::: Provided data
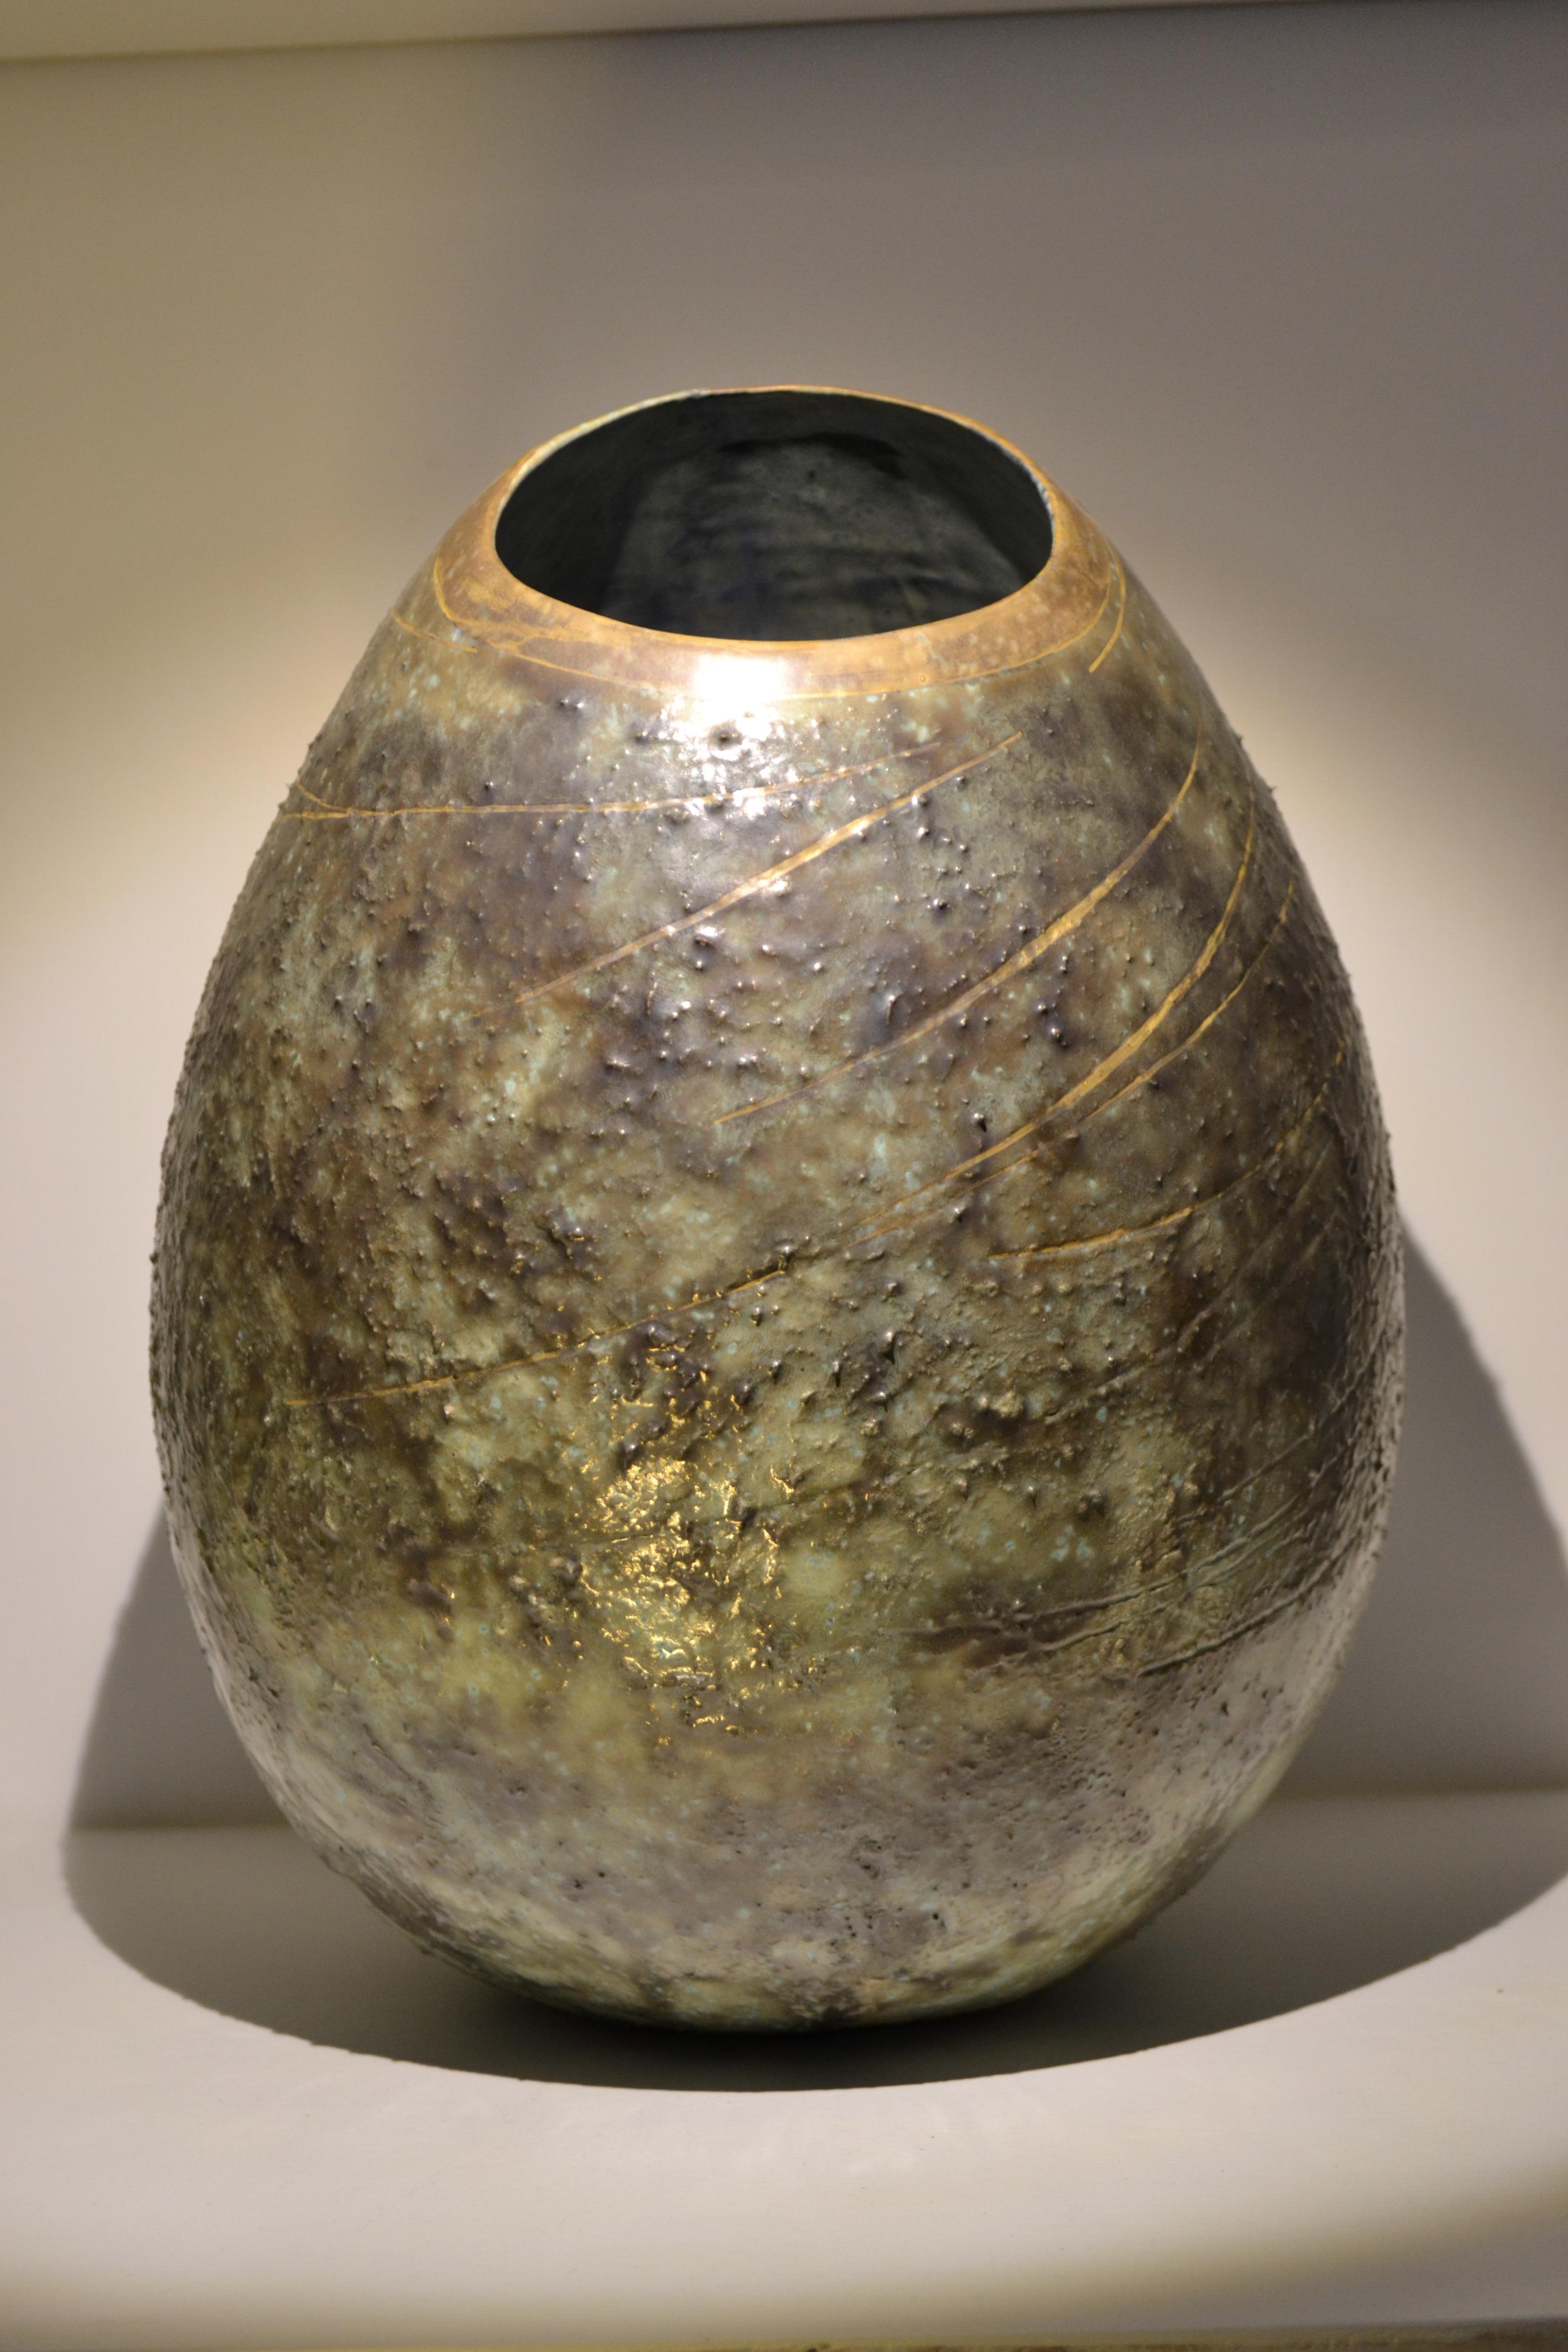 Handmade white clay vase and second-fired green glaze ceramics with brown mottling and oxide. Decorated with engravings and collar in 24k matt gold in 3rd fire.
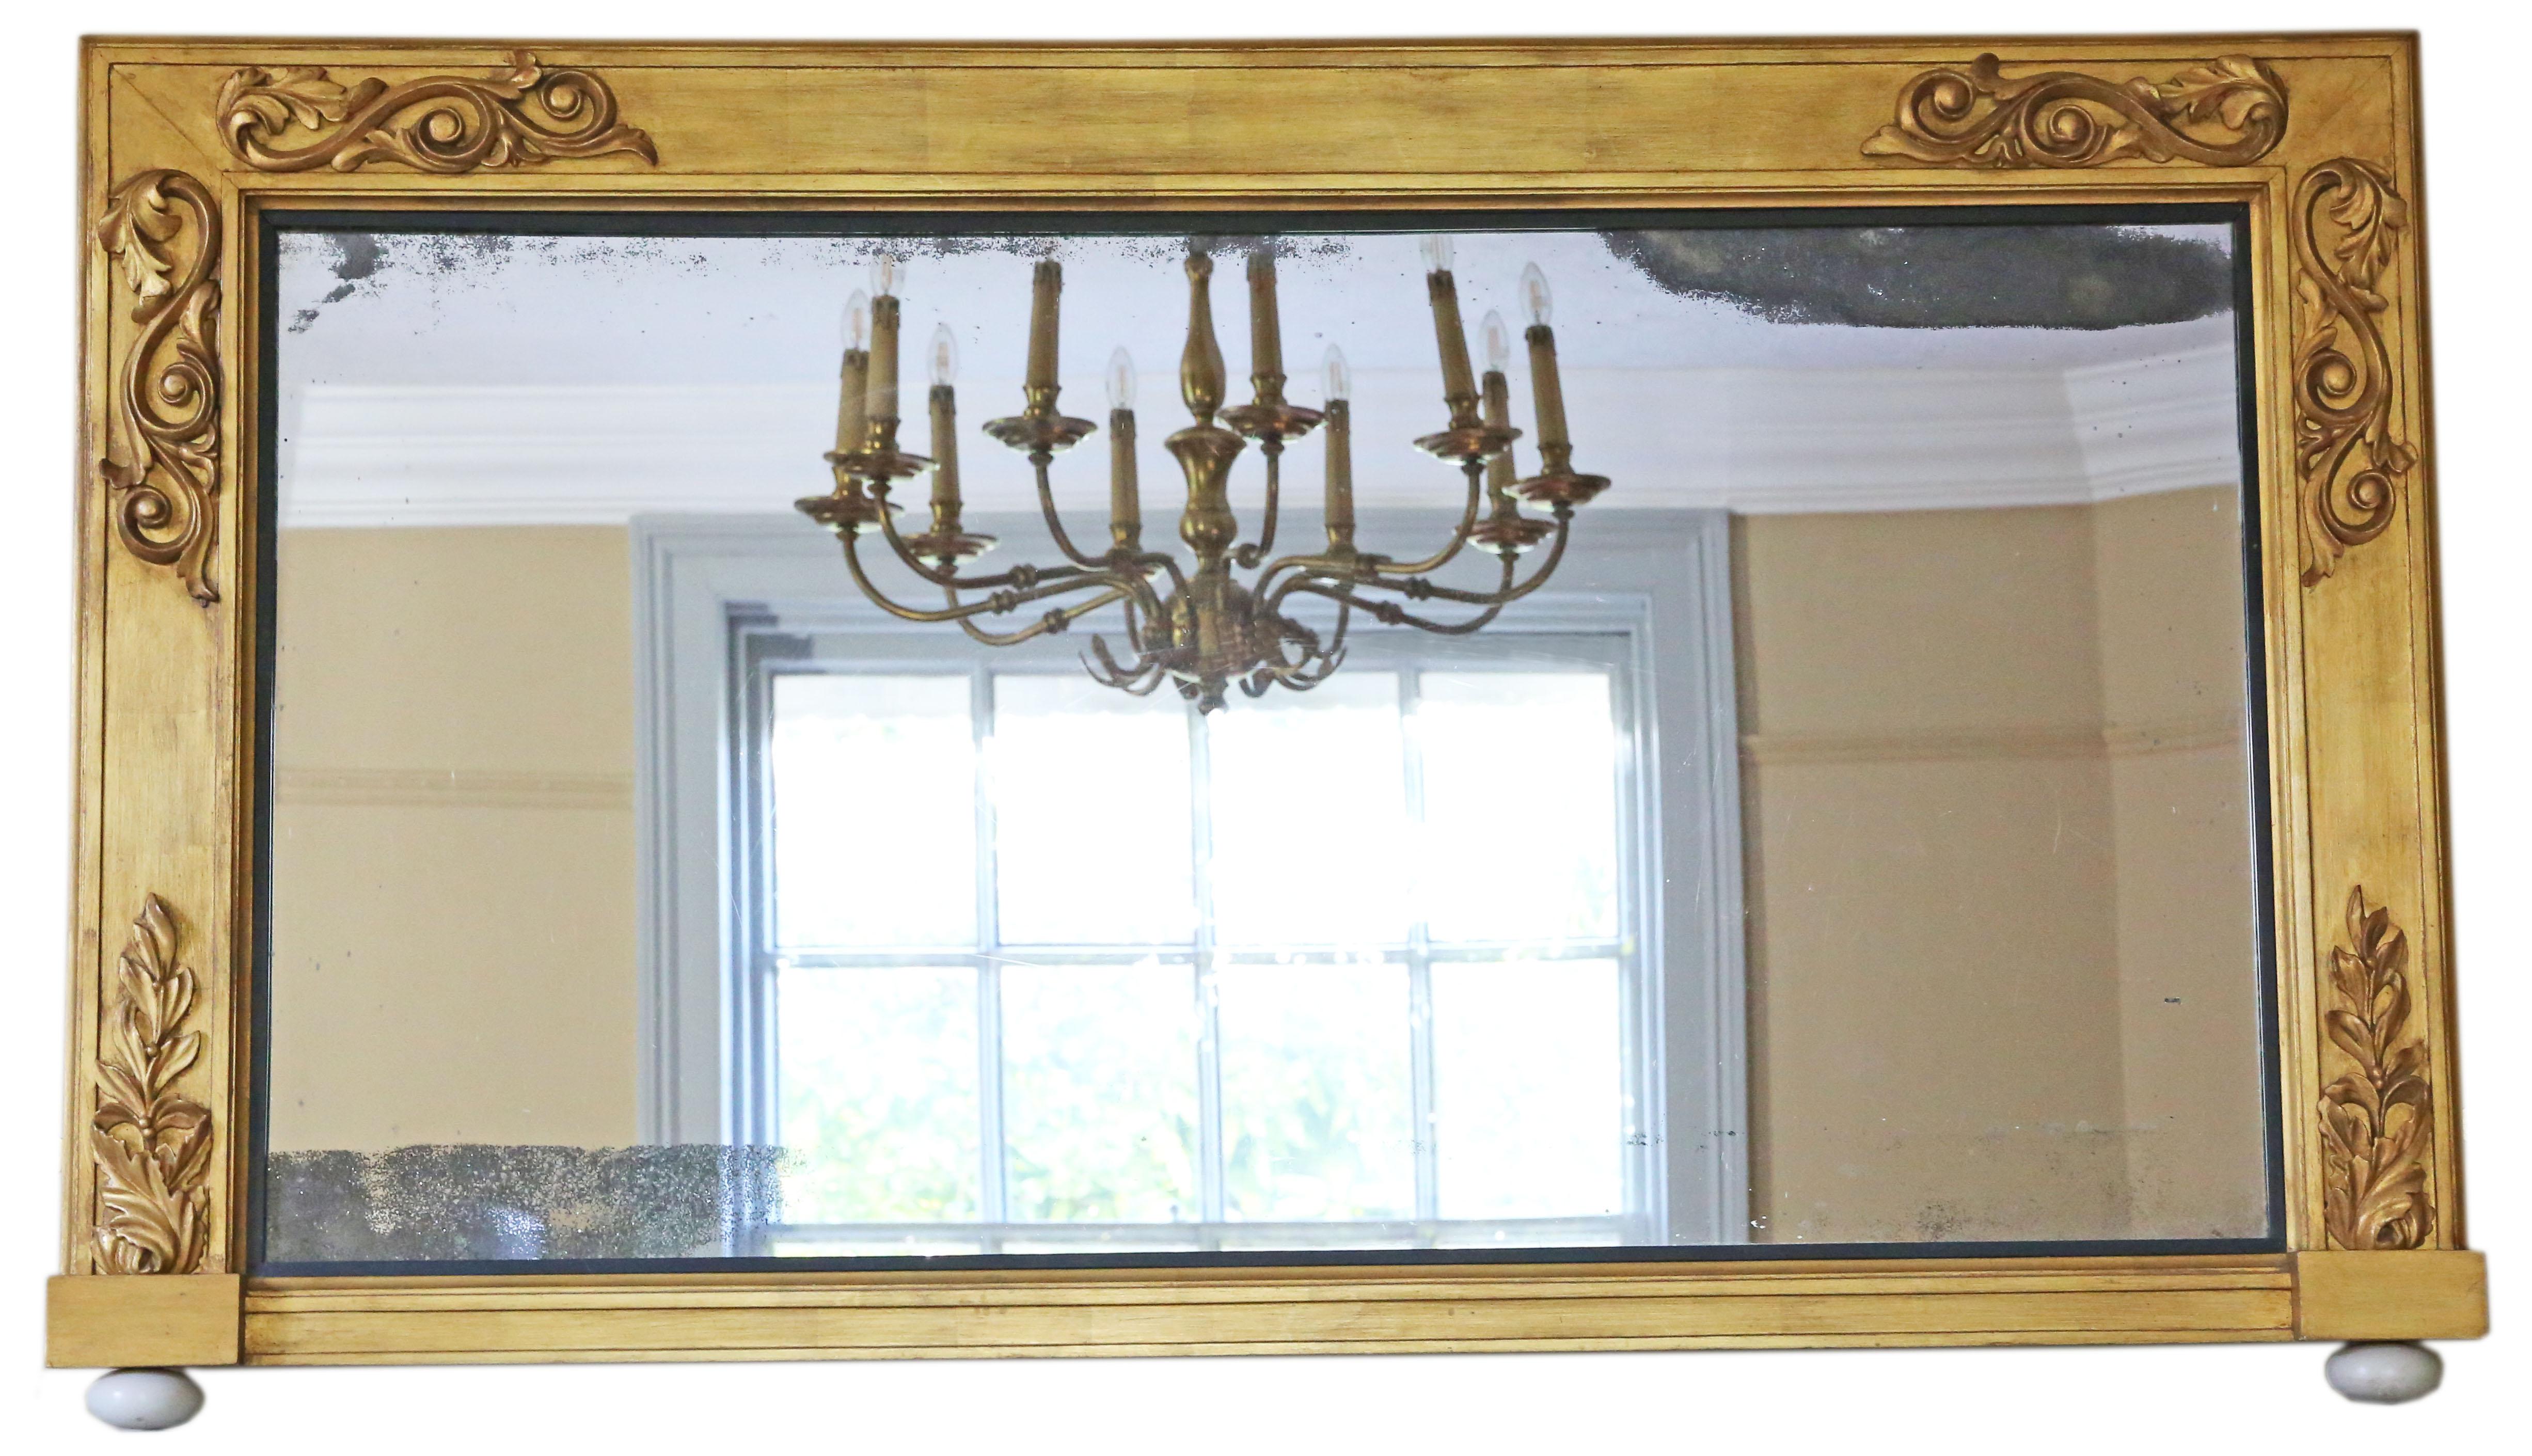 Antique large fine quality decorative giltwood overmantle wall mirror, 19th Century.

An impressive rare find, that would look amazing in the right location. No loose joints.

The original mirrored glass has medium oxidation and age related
::::::
Task: The listing is to be repeated word for word, with all pictures omitted.

Solution to the exercise:
 Handmade white clay vase and second-fired green glaze ceramics with brown mottling and oxide. Decorated with engravings and collar in 24k matt gold in 3rd fire.
 Antique large fine quality decorative giltwood overmantle wall mirror, 19th Century.

An impressive rare find, that would look amazing in the right location. No loose joints.

The original mirrored glass has medium oxidation and age related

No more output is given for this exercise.